(INFORMATION SHOWN)
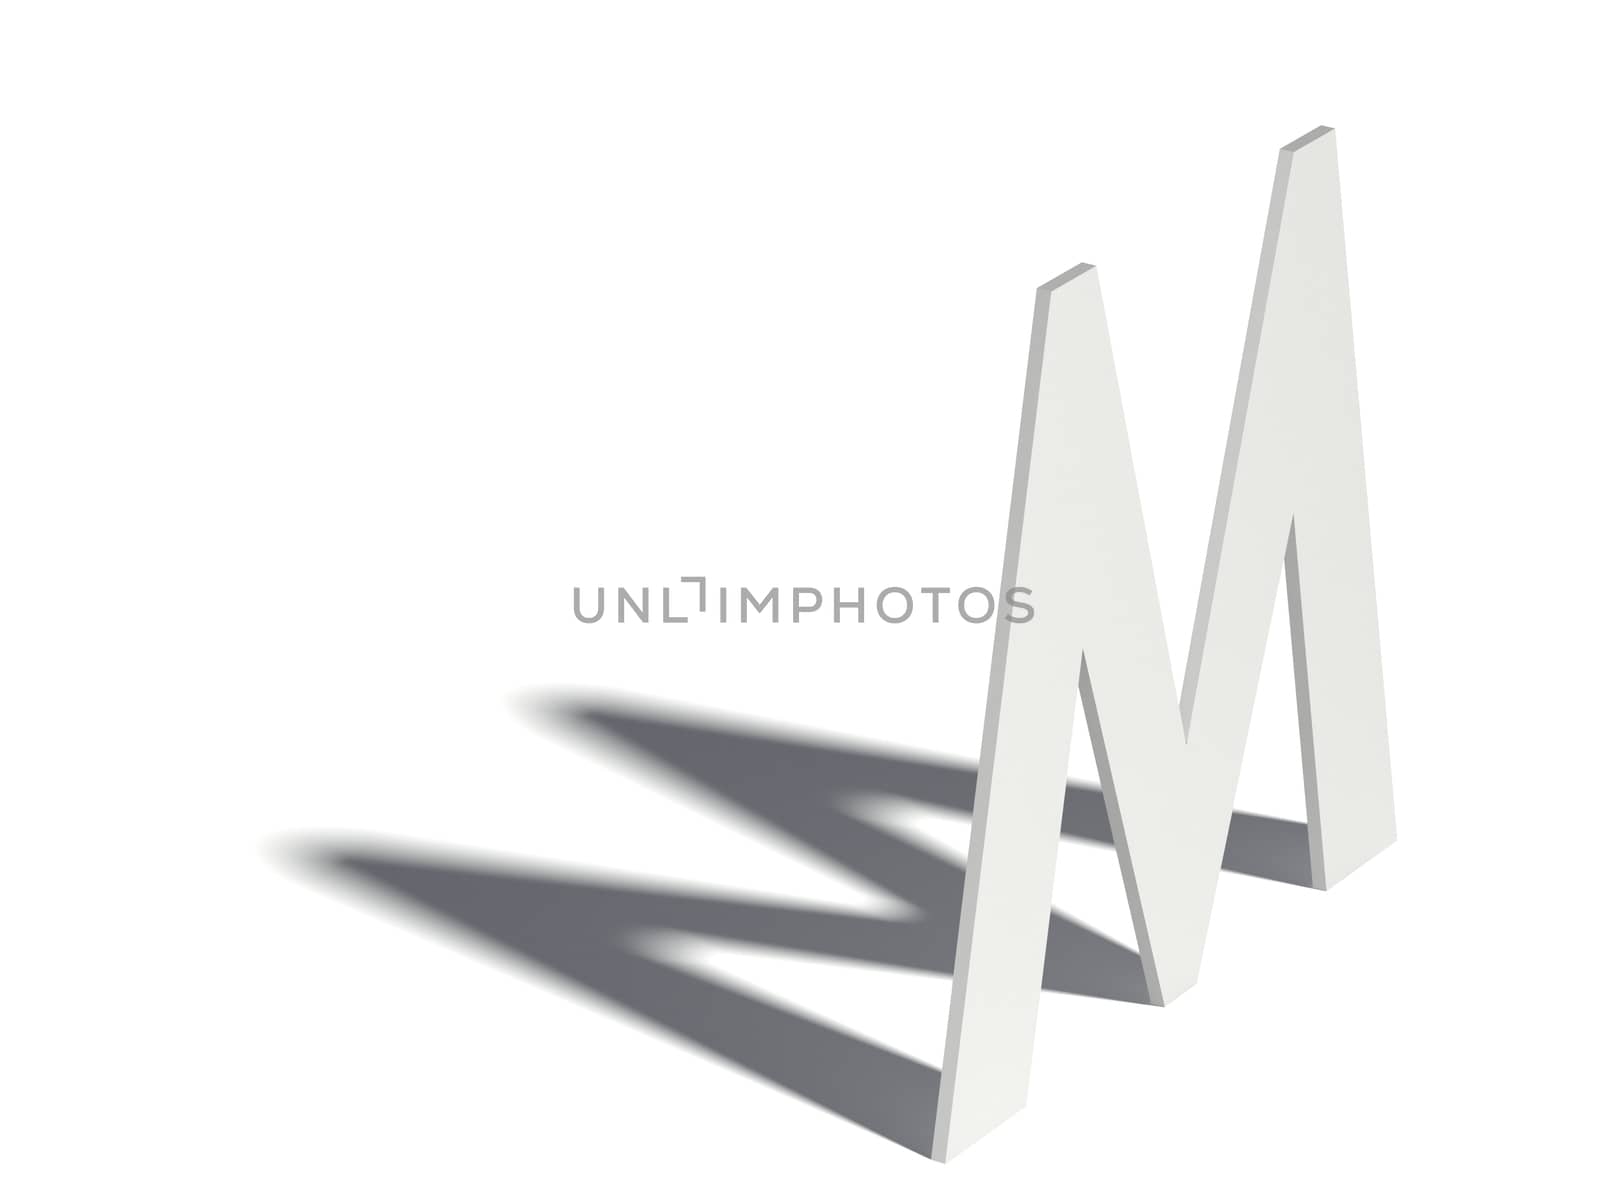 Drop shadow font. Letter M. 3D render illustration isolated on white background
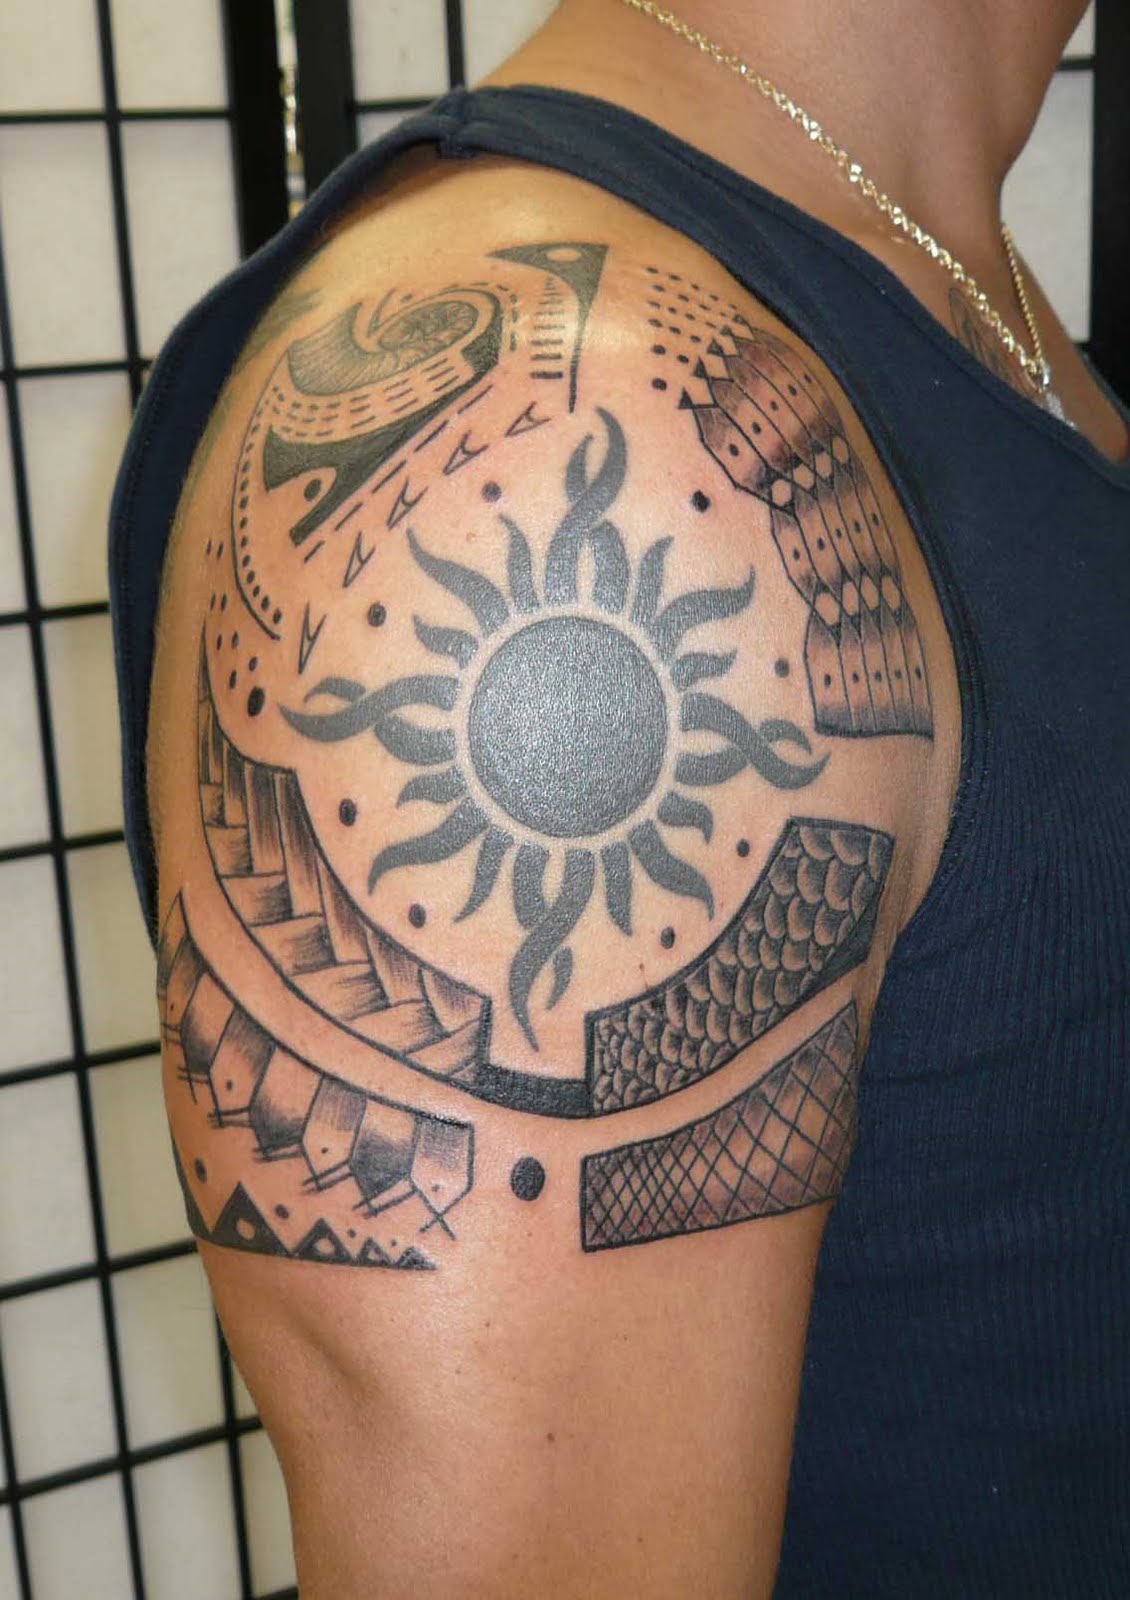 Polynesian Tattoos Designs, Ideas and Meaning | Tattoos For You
(End INFORMATION SHOWN)
(INFORMATION SHOWN)
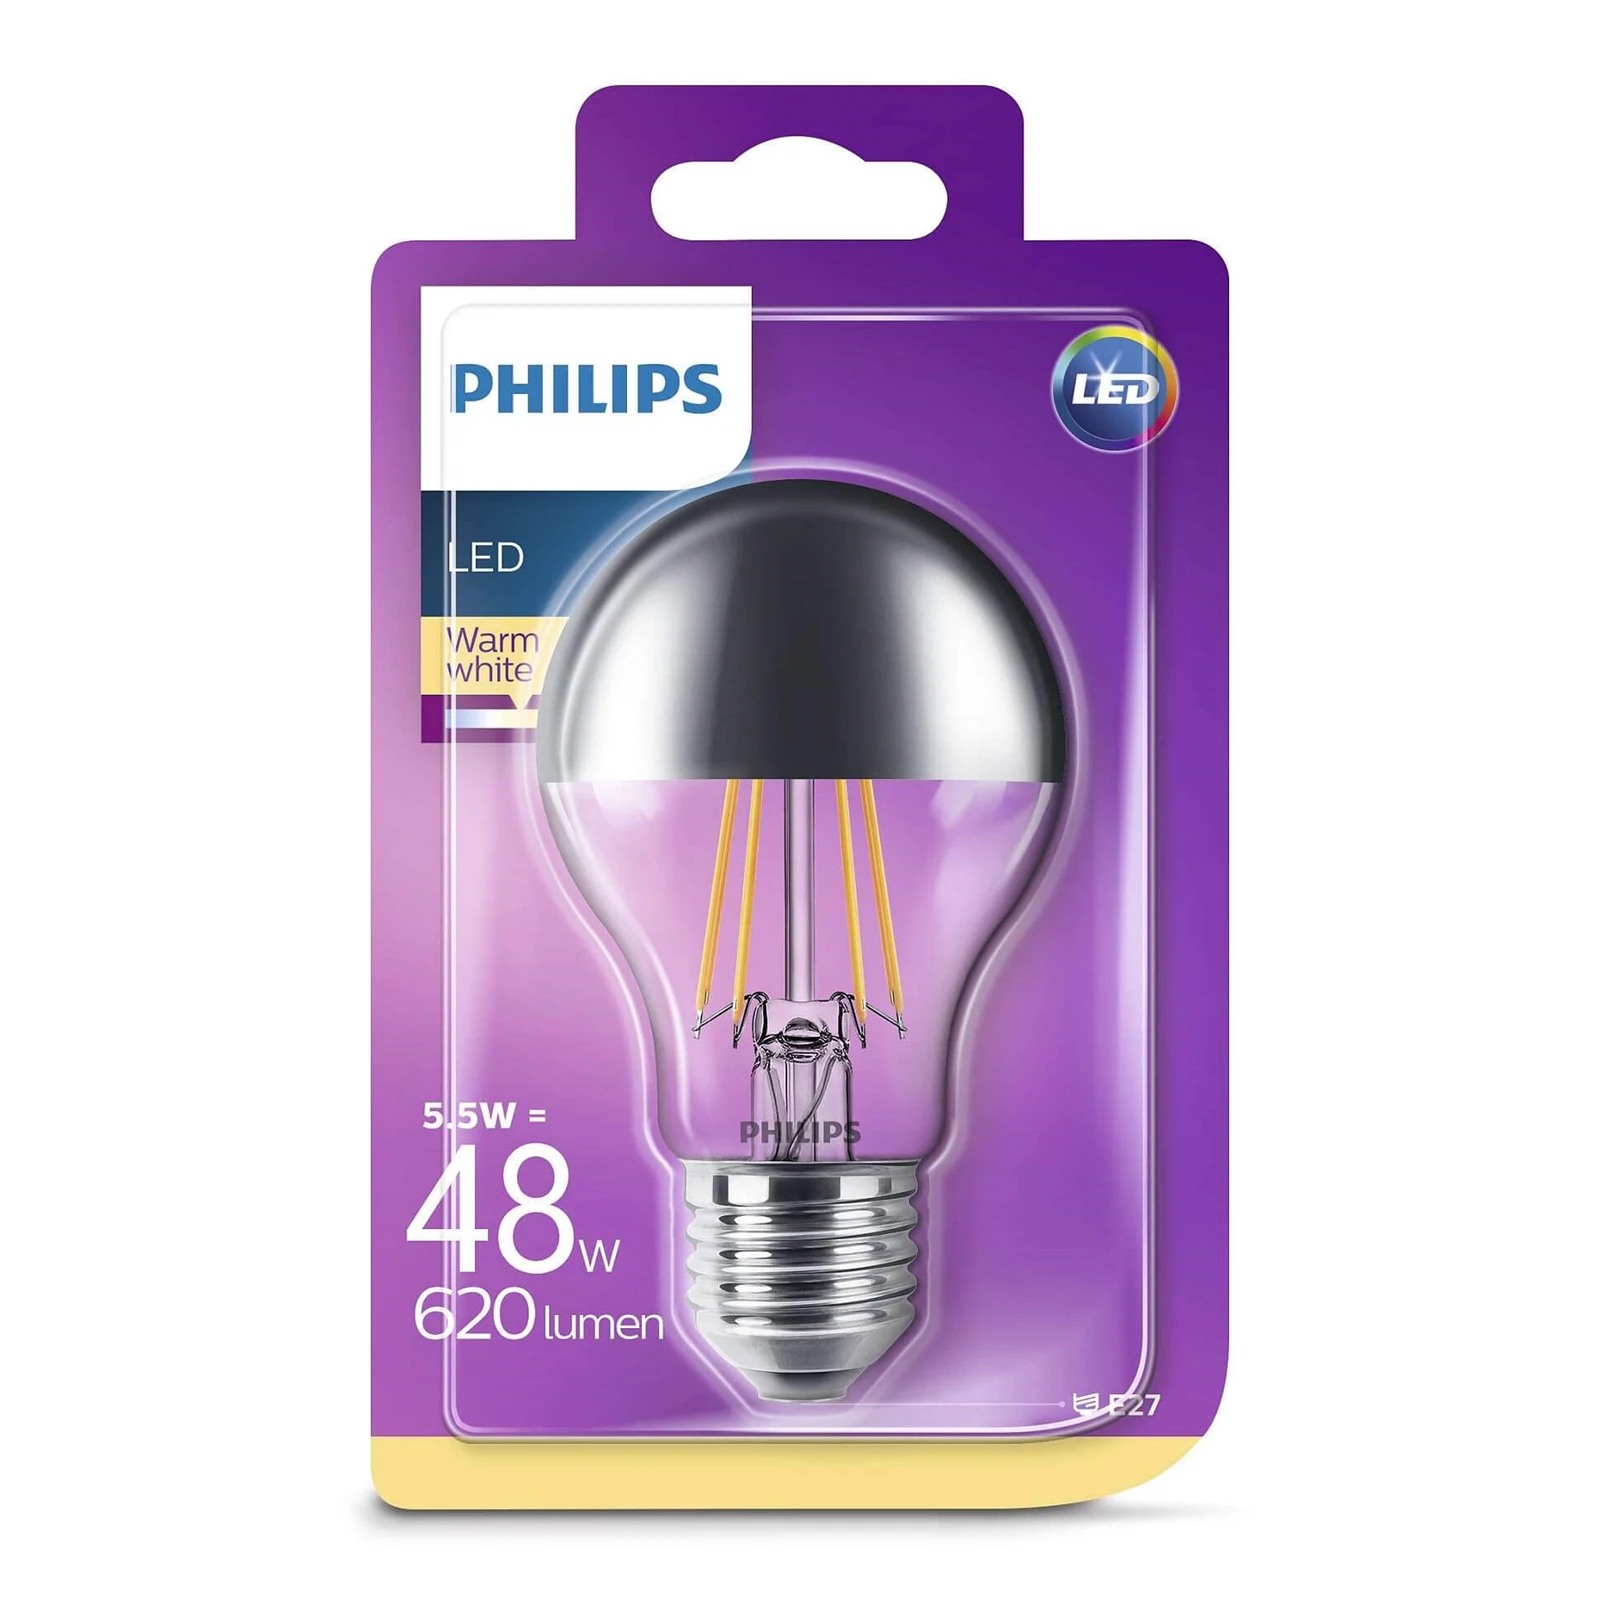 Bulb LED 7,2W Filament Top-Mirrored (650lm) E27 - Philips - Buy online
(End INFORMATION SHOWN)
(INFORMATION SHOWN)
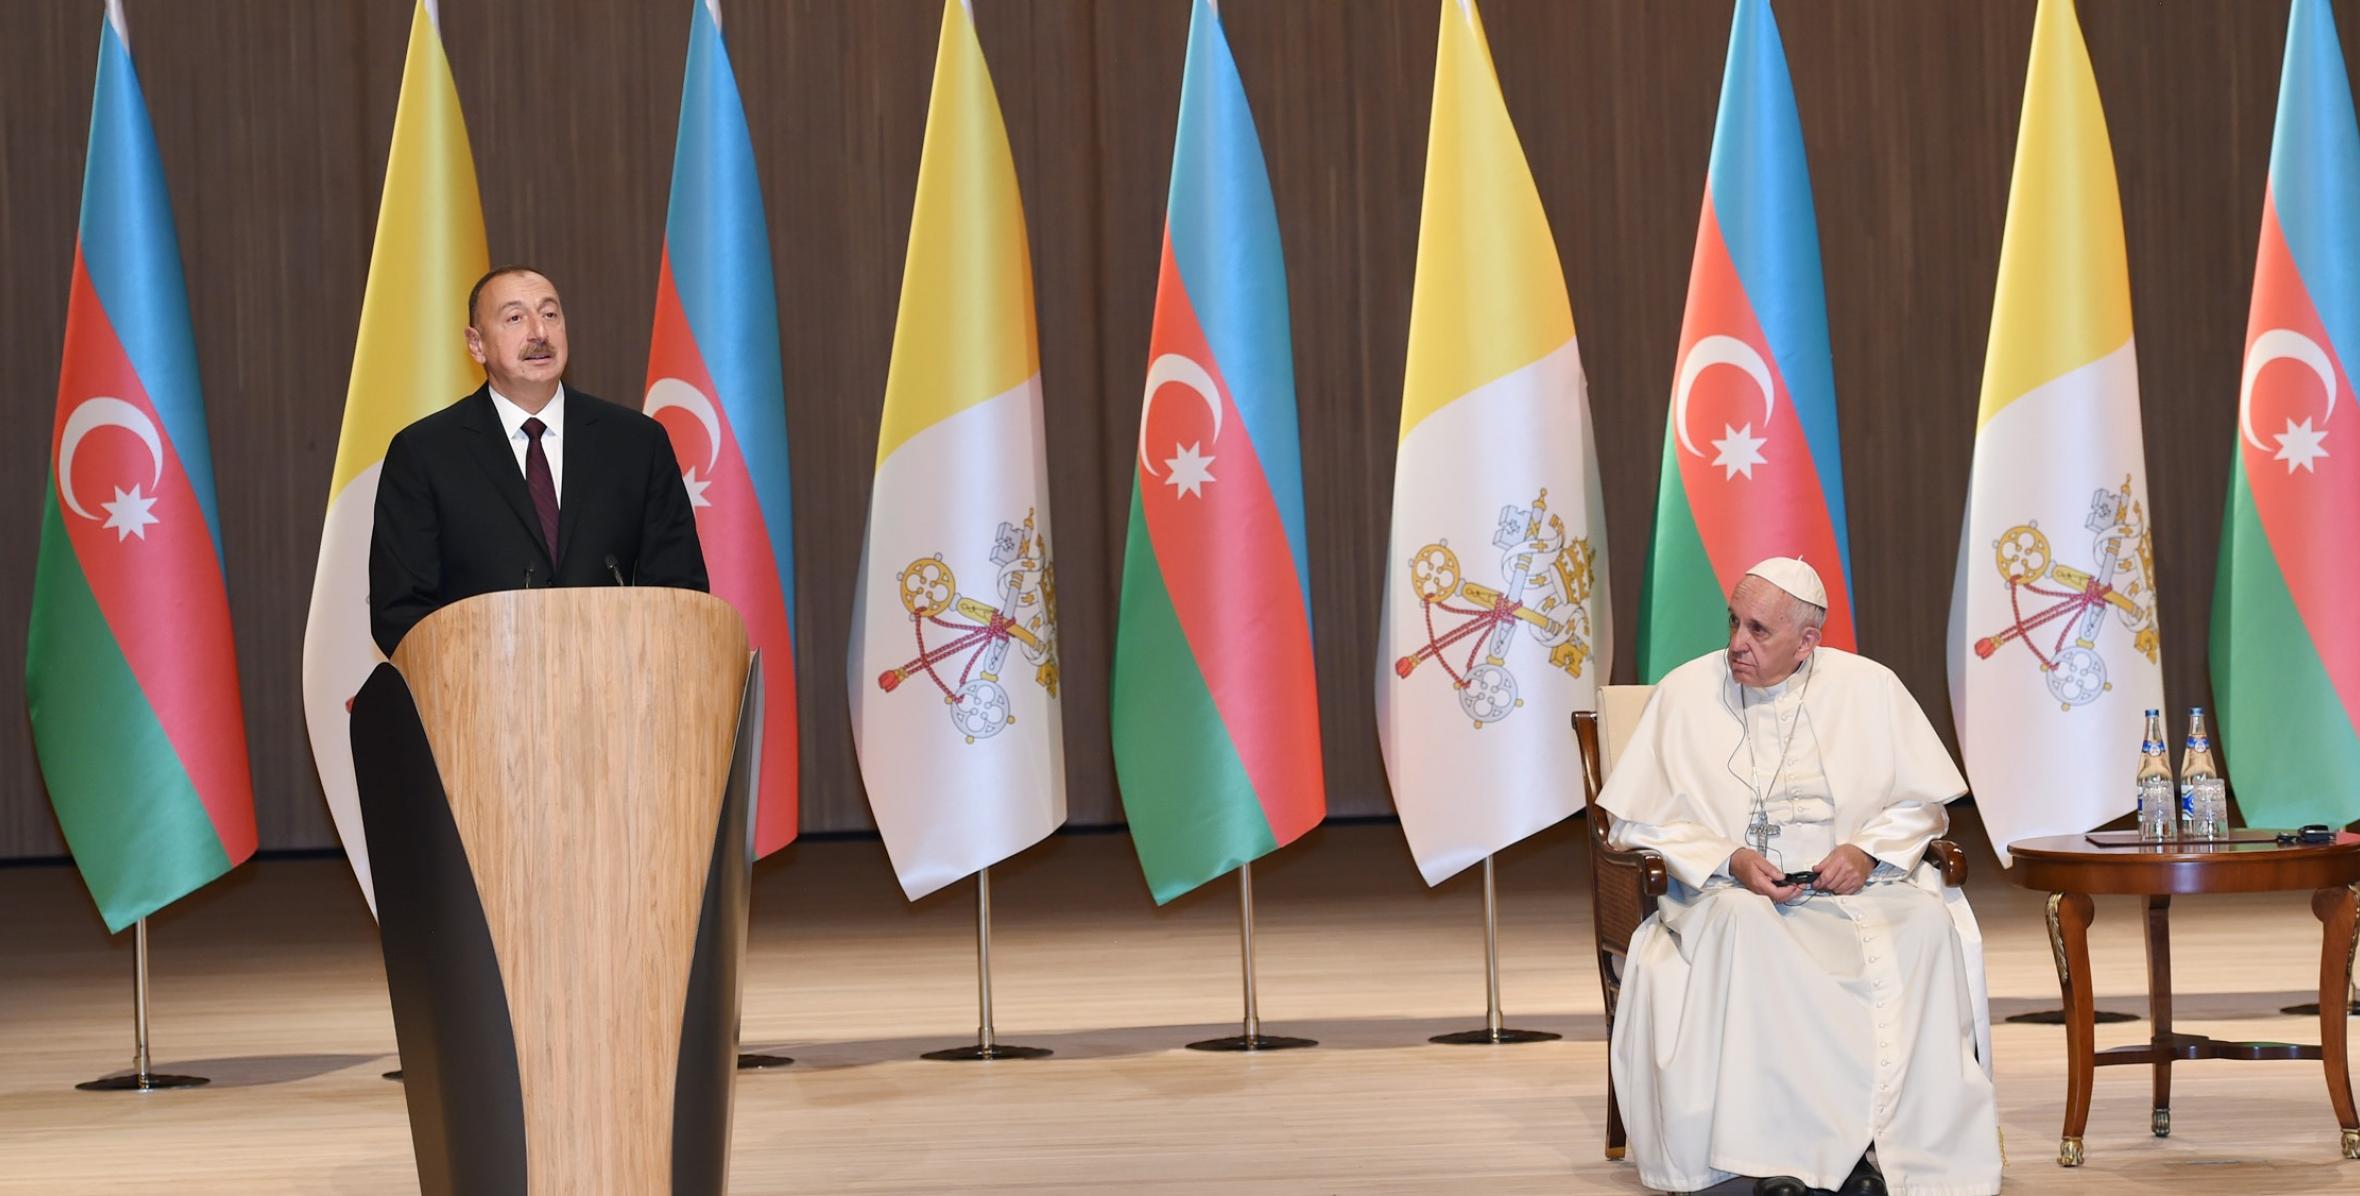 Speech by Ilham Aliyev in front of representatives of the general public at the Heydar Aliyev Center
(End INFORMATION SHOWN)
• **ASSIGNED TASK**:
All pictures are to be skipped. Output, word for word, the lines in the data above starting at the line containing "Drop shadow font." and ending at the line containing "Polynesian Tattoos Designs, Ideas".

• **PROBLEM SOLUTION**:
 Drop shadow font. Letter M. 3D render illustration isolated on white background
 Polynesian Tattoos Designs, Ideas and Meaning | Tattoos For You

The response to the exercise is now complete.